本発明は、医薬・農薬の中間体として、また含フッ素重合体等の機能性材料の製造原料または合成中間体として有用な3,3,3−トリフルオロプロピオン酸の製造方法に関する。
3,3,3−トリフルオロプロピオン酸は、医薬・農薬の中間体として、また含フッ素重合体等の機能性材料の製造原料または合成中間体として極めて重要な化合物であるため、これまで多くの製造方法が報告されてきた。
非特許文献1では、マロン酸モノエチルエステルのカルボン酸部位を四フッ化硫黄(SF4)を用いてトリフルオロメチル基へと変換し、エステル部位を加水分解することによって3,3,3−トリフルオロプロピオン酸を製造する方法が開示されている。非特許文献2では、多段階の複雑な反応を経てCF3CH2COOSO2OHを得た後に、これを加水分解して3,3,3−トリフルオロプロピオン酸を製造する方法が開示されている。非特許文献3では、シクロヘキサンカルボン酸と1,1−ジフルオロエチレンを出発原料に用い、4段階で3,3,3−トリフルオロプロピオン酸を製造する方法が開示されている。
非特許文献4では、トリフルオロ酢酸エチルを出発原料に用い、硫酸中、酸化水銀を用いて3,3,3−トリフルオロプロピオン酸に変換する方法が開示されている。非特許文献5では、3-ブロモ-1-プロペンを臭化トリフルオロメチルカドミニウムでトリフルオロメチル化し、次いで過マンガン酸カリウムとクラウンエーテルを用いて酸化し、3,3,3−トリフルオロプロピオン酸を製造する方法が開示されている。非特許文献6では、パーフルオロ−2−(トリフルオロメチル)プロペンとトリフルオロメチルチオ銅を作用させて得た混合物の中に3,3,3−トリフルオロプロピオン酸があったと報告している。
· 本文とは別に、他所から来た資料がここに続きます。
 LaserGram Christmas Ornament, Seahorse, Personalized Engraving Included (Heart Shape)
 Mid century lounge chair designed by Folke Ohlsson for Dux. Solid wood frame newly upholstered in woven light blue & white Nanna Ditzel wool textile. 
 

非特許文献7では、酢酸t−ブチルのt−ブチルジメチルシリルエノールエーテルに対して、ヨウ化トリフルオロメチルをラジカル付加させることによって、3,3,3−トリフルオロプロピオン酸を製造する方法が開示されている。特許文献1では、トリフルオロメチルマロン酸ジメチルから、臭化水素酸や塩酸を用いて3,3,3−トリフルオロプロピオン酸を製造する例や、1,1,3,3,3−ペンタフルオロ−2−トリフルオロメチルプロピルメチルエーテルから3,3,3−トリフルオロプロピオン酸を製造する例が開示されている。
3,3,3−トリフルオロプロピオンアルデヒドを酸化して3,3,3−トリフルオロプロピオン酸を得る技術としては、Oxone(登録商標)(2KHSO5・K2SO4・KHSO4)を酸化剤として用いる例が知られている(特許文献2)。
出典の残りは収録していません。